Behind all social crimes lurk something like ideas. And behind all simulated ideas reside something like intellectuals — or at least people who take it upon themselves to put such simulations to the page. While conservatism has always had its intellectuals, a new breed of purported “national conservatives” or “populists” have emerged to furnish rationalizations for America’s latest crimes. What recent violence has been abetted by these rationalizations? The encaged migrant children? The celebrated murders of Navy SEAL Eddie Gallagher? George Floyd’s eight minutes and 46 seconds of remaining life? The hundreds of thousands lost or ravaged by a pandemic as it spreads largely unchecked? Beyond the grisliest facts, what of the less sensational ones? The tax cuts for the rich? The corporate deregulations? The ballooning defense budgets? The national security state’s ongoing tormenting of the already tortured people of Venezuela or Iran?

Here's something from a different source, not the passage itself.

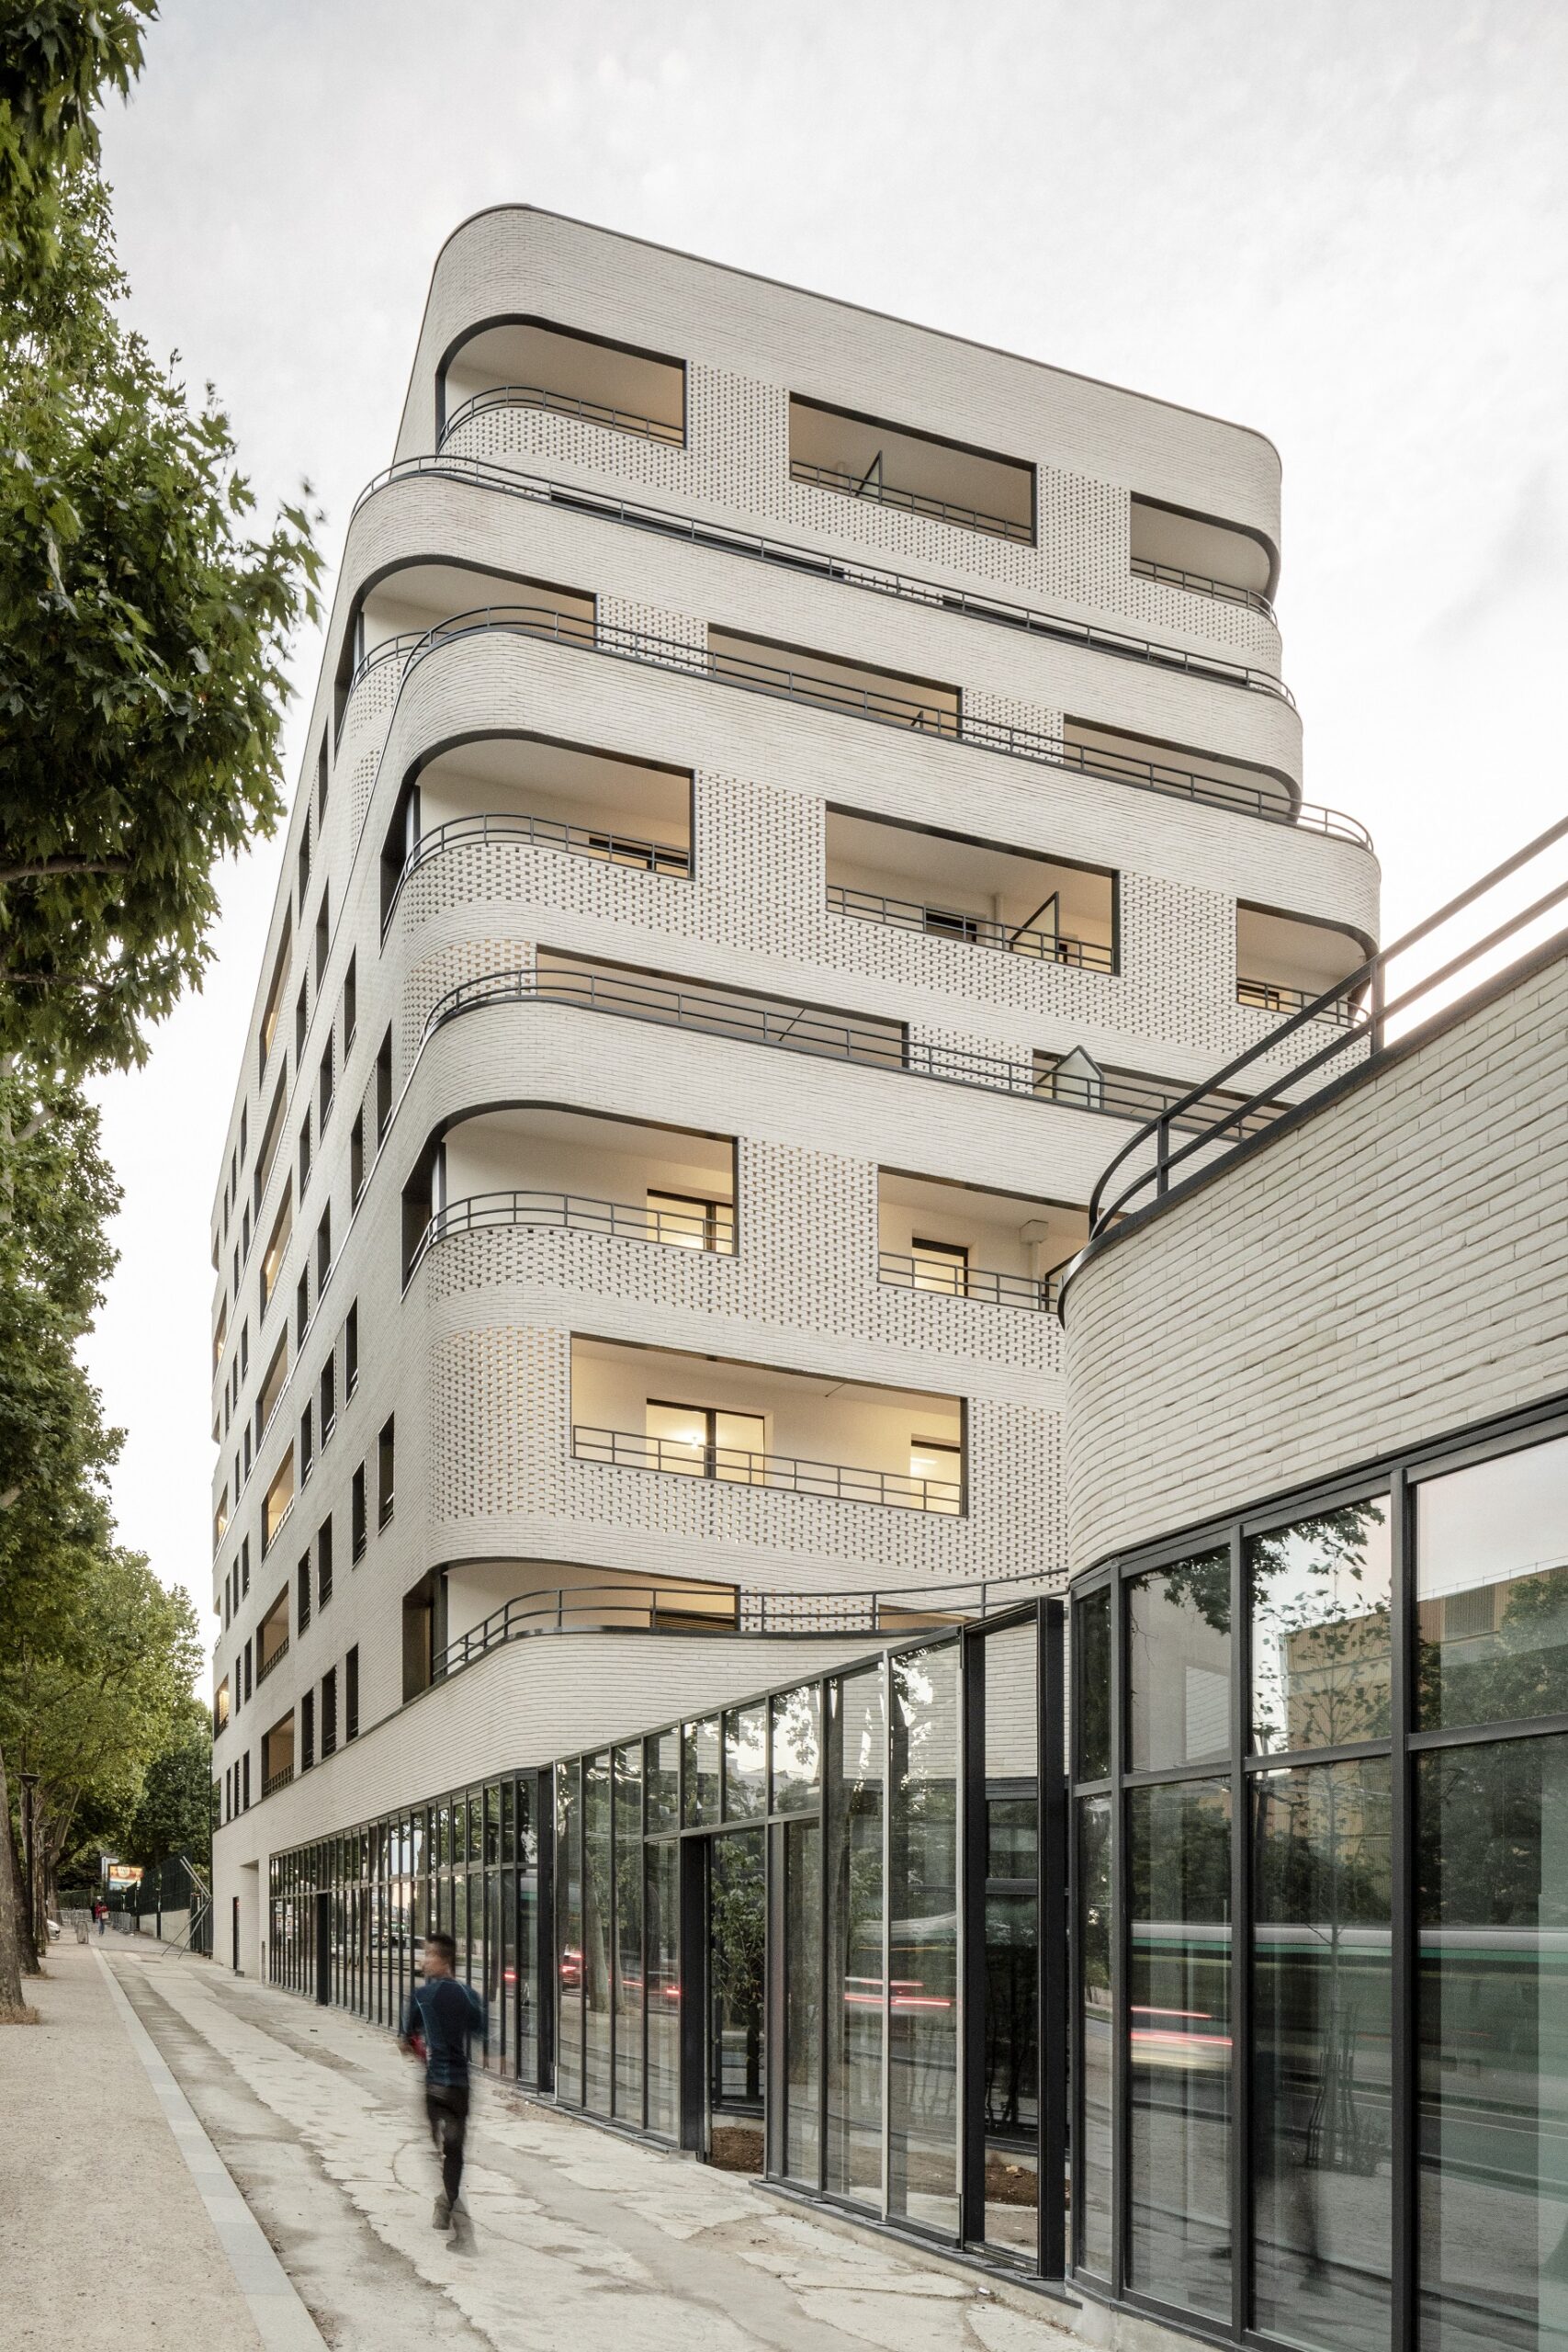 Logements locatifs sociaux à Paris | Architectes : ITAR (Ingrid Taillandier Architectures) - Photos : © 11h45

And which quasi-thinkers spring to mind when we contemplate these horrors? Compelling answers abound. The primetime xenophobe Tucker Carlson is certainly a candidate, even though the Fox News demagogue can scarcely be deemed a person of letters. Something similar could be said for Steve Bannon’s faux populism. More serious possibilities can be found in the archives of the Claremont Review of Books or American Affairs. If I were pushed to name just one figure, though, it would be someone closer to home.
As a leftist Jew, there is little in the Israeli philosopher Yoram Hazony’s project with which I can identify. And yet, at a deeper register of memory, milieu, and affect, I can’t help but find the man and his work all too familiar. His politics are far from mine, yet they do mirror the politics of my past. They also mirror the politics of so many I know, and even those I love. They aren’t so much made up of cogent thoughts as they are anxieties striving for justification. At the dawn of another threatening social transformation and frantic backlash, Hazony’s politics are best appraised, in Lionel Trilling’s memorable formulation, as “irritable mental gestures which seek to resemble ideas.”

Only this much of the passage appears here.